**WORK TO BE COMPLETED:** Beneath this instruction is a listing. Transcribe from it only the stretch from the line with "Noter le fossé en avant des blocs" through the line with "Vue aérienne - Mission", both end lines included, exactly as written.

*** DATASET ***

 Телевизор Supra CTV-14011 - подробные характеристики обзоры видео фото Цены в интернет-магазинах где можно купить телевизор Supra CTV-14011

***
*** DATASET ***

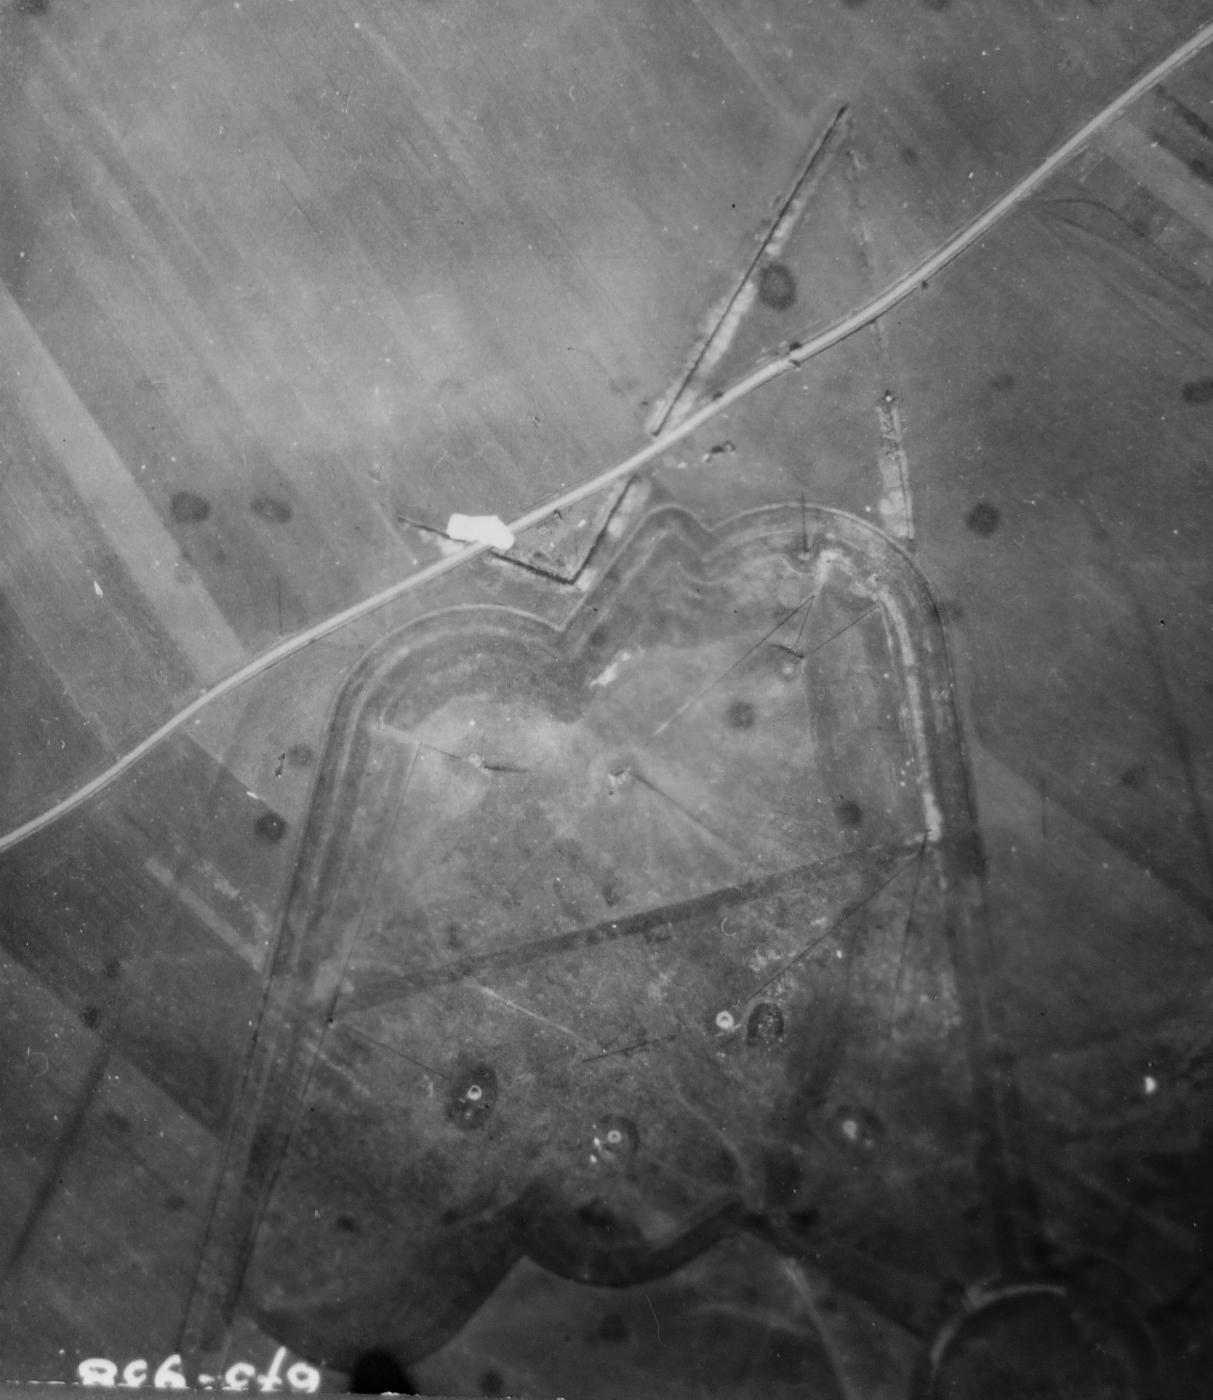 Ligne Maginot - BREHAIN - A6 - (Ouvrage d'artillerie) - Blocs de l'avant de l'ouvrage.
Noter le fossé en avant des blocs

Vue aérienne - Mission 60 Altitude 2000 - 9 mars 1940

***

**THE ANSWER:**
Noter le fossé en avant des blocs

Vue aérienne - Mission 60 Altitude 2000 - 9 mars 1940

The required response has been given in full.